The kids are coming up from behind.
I'm losing my edge.
I'm losing my edge to the kids from Luxembourg and from Mexico City.
But I was there.

I was there in 1976.
I was there at the first Feelies show in Haledon.
I'm losing my edge.
I'm losing my edge to the kids whose footsteps I hear when they get on the decks.
I'm losing my edge to the internet seekers who can tell me every member of every good group from 1965 to 1978.
I'm losing my edge.

To all the kids in Winnipeg and Tokyo.
I'm losing my edge to the art-school Copenhagen kids in little jackets and borrowed nostalgia for the unremembered nineties.

I'm losing my edge.
I'm losing my edge.
I can hear the footsteps every night on the decks.
But I was there.

I was there in 1965 at the first Beefheart practice in a loft in Lancaster.
I was working on the linndrum sounds with much patience.
I was there when Holger Czukay started up his first band.
I told him, "Don't do it that way. You'll never make a dime."
I was there.
I was the first guy playing Skarface to the rap kids.
I played it at the Crocodile.
Everybody thought I was crazy.
We all know.
I was there.
I was there.
I've never been wrong.

But I'm losing my edge to better-looking people with better ideas and more talent.
And they're actually really, really nice.

I'm losing my edge.

I heard you have a compilation of every good song ever done by anybody.
Every great song by Amazonics. All the underground hits.

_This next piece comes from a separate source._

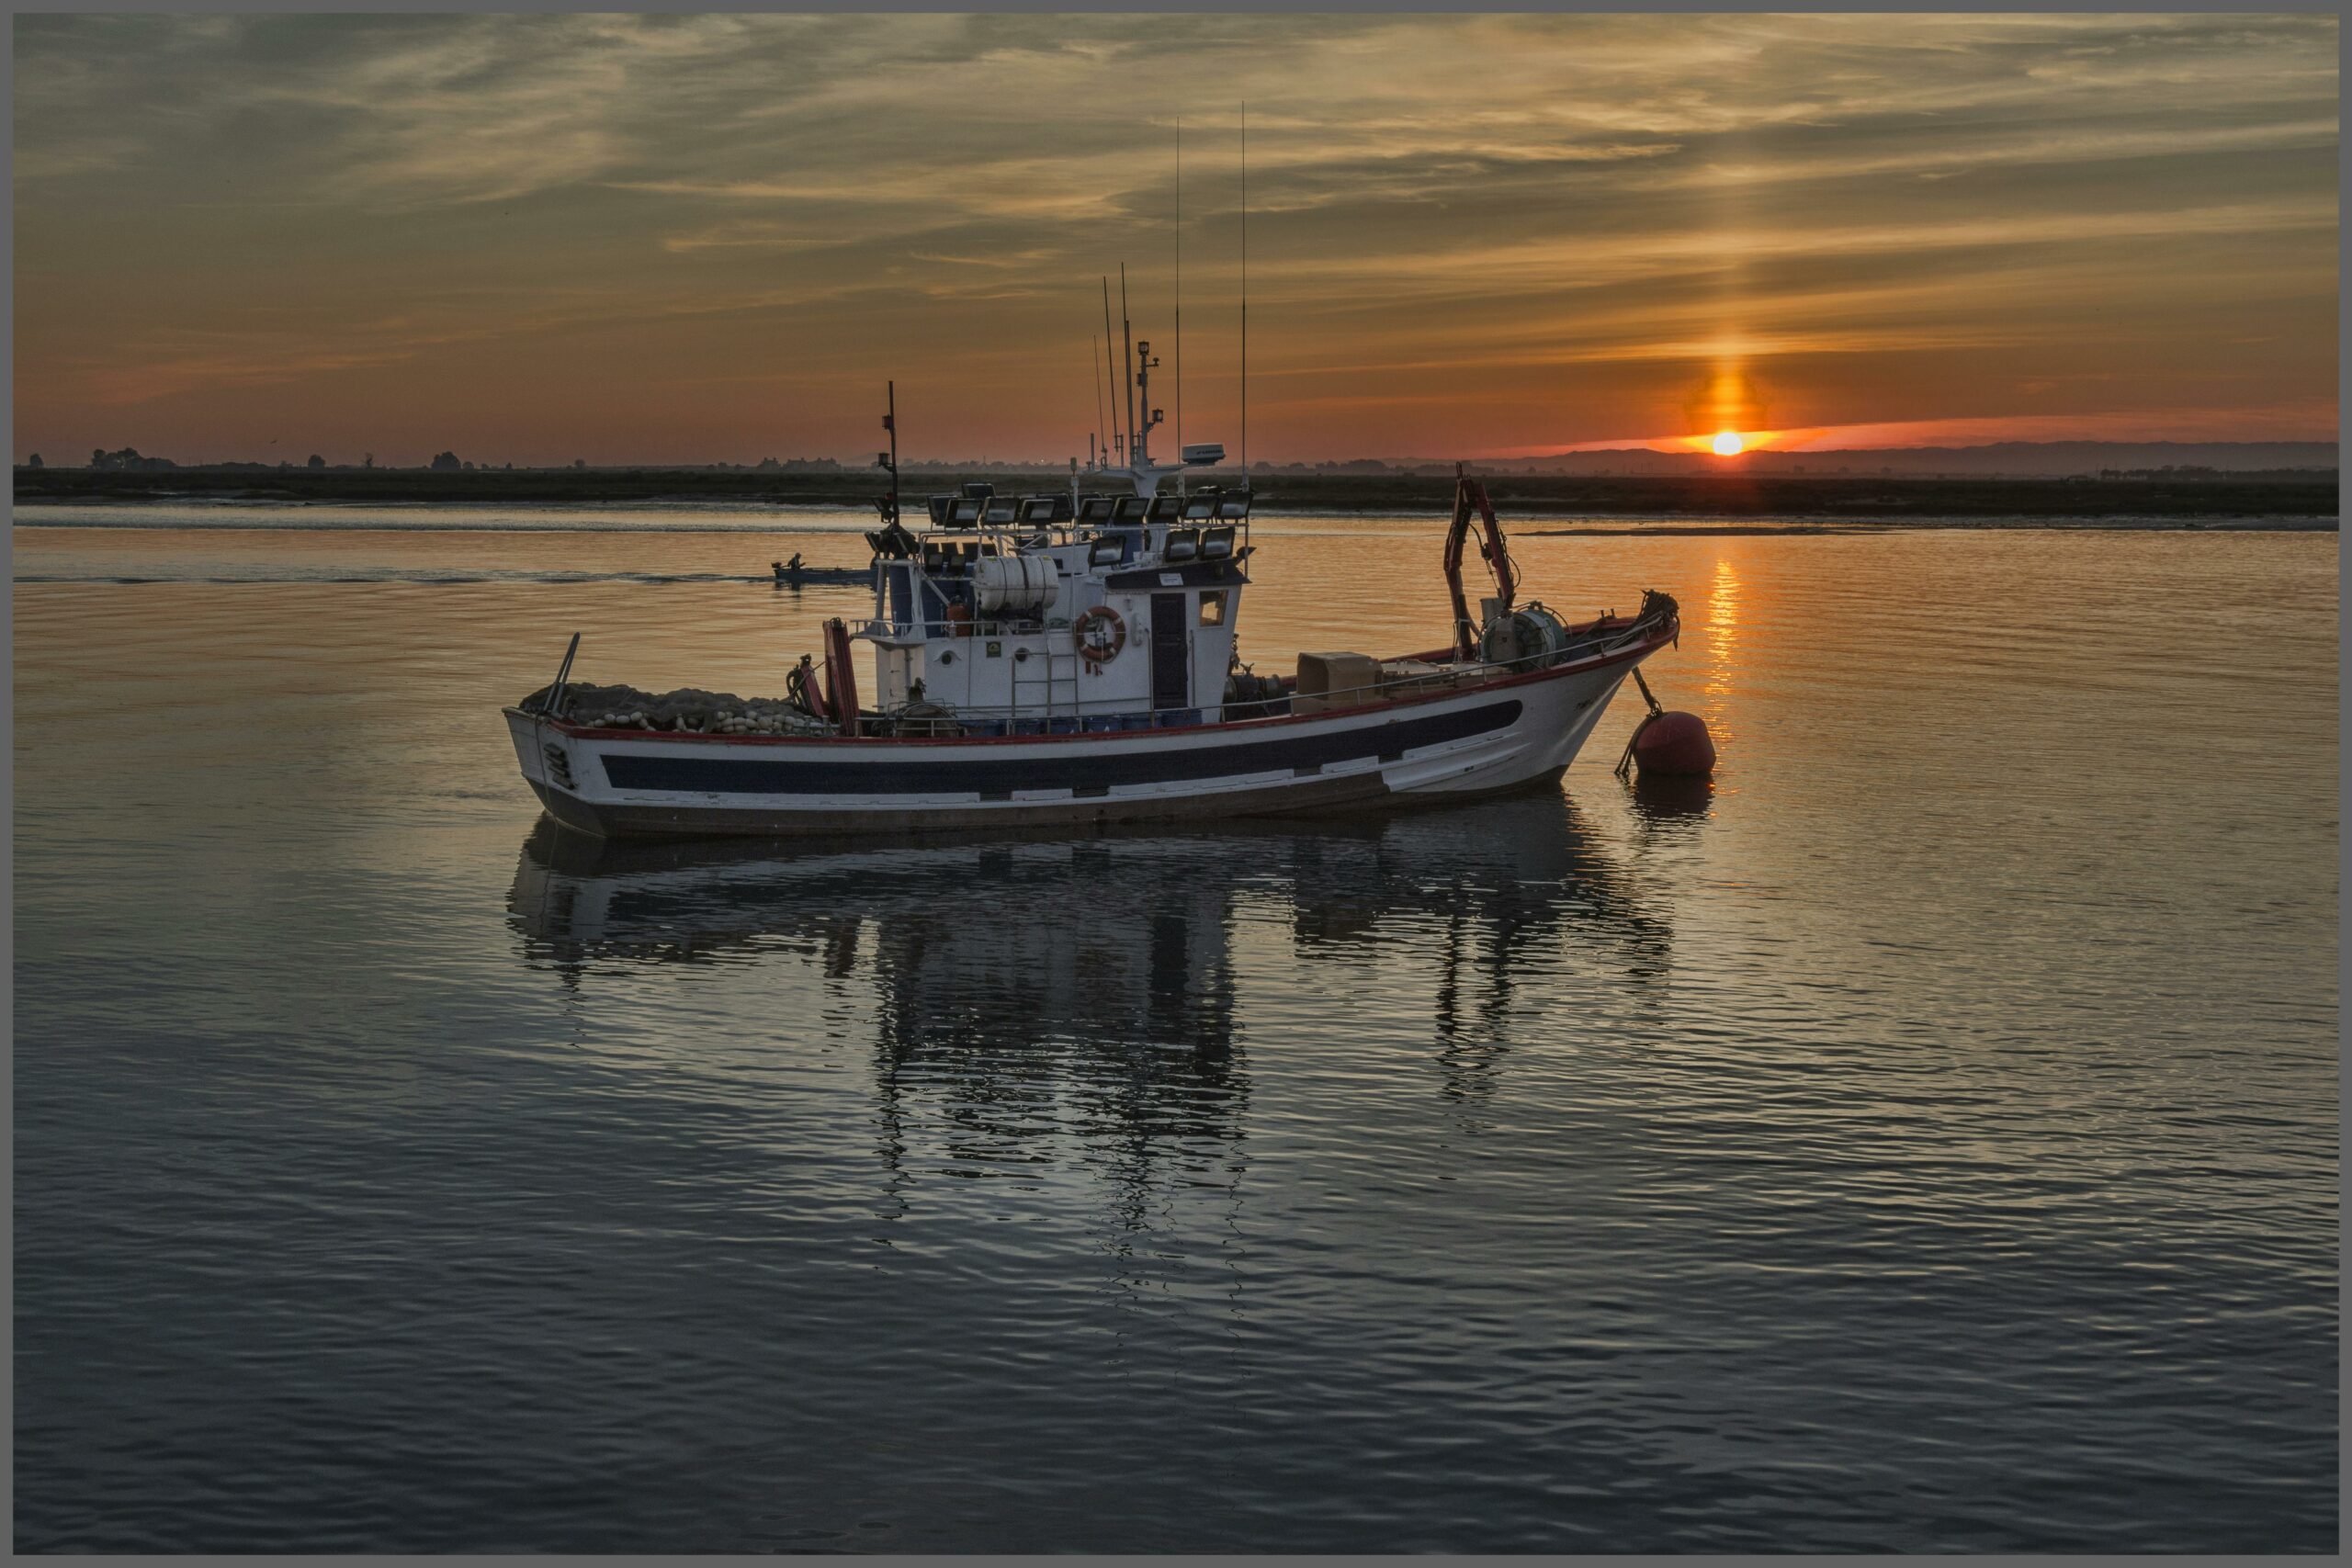 Un bateau de pêche ancré sur l'eau calme au crépuscule, avec le soleil se couchant à l'horizon et reflétant ses couleurs dorées sur la surface de l'eau.

All The Slackers tracks. I heard you have a vinyl of every Gastr Del Sol record on German import.

I heard that you have a white label of every seminal rap hit - 1985, '86, '87.
I heard that you have a CD compilation of every good '60s cut and another box set from the '70s.

I hear you're buying a 808 and a clarinet and are throwing your macbook out the window because you want to make something real. You want to make a Crash Course in Science record.

I hear that you and your band have sold your linndrum and bought a marimba.
I hear that you and your band have sold your marimba and bought a linndrum.

I hear everybody that you know is more relevant than everybody that I know.

But have you seen my records?

Sugar Minott, Frankie Knuckles, Siglo XX, Wings, Jesper Dahlback, Newcleus, The J.B.'s, DJ Style, Angels of Light & Akron/Family, Ash Ra Tempel, Model 500, Kauko Röyhkä ja Narttu, Underground Resistance, The Smoke, Deakin, Heavy D & The Boyz, Oneida, Boogie Down Productions, The Blues Magoos, The Remains, DJ Sneak, Kurtis Blow, D'Angelo, Moss Icon, Gabor Szabo, Pharaoh Sanders and the Fire Engines, Eric Copeland, Jimmy McGriff, Interpol, The Sisters of Mercy, R.M.O., The Gladiators, Scion, Letta Mbulu, Marmalade, Babytalk, Barrington Levy, Cal Tjader, Monks, the Fania All-Stars, The Busters, Amon Düül II, Susan Cadogan, Pantytec, Arcadia, Juan Atkins, Skaos, Country Joe & The Fish, The Techniques, The Skatalites, Drive Like Jehu, Captain Beefheart & His Magic Band, Blossom Toes, Gang Gang Dance, Notorious Big And Bone Thugs, Procol Harum, Avey Tare & Kría Brekkan, The Durutti Column, Franke, Black Pus, The Men They Couldn't Hang, The Last Poets, Gastr Del Sol, Gastr Del Sol, Gastr Del Sol, Gastr Del Sol.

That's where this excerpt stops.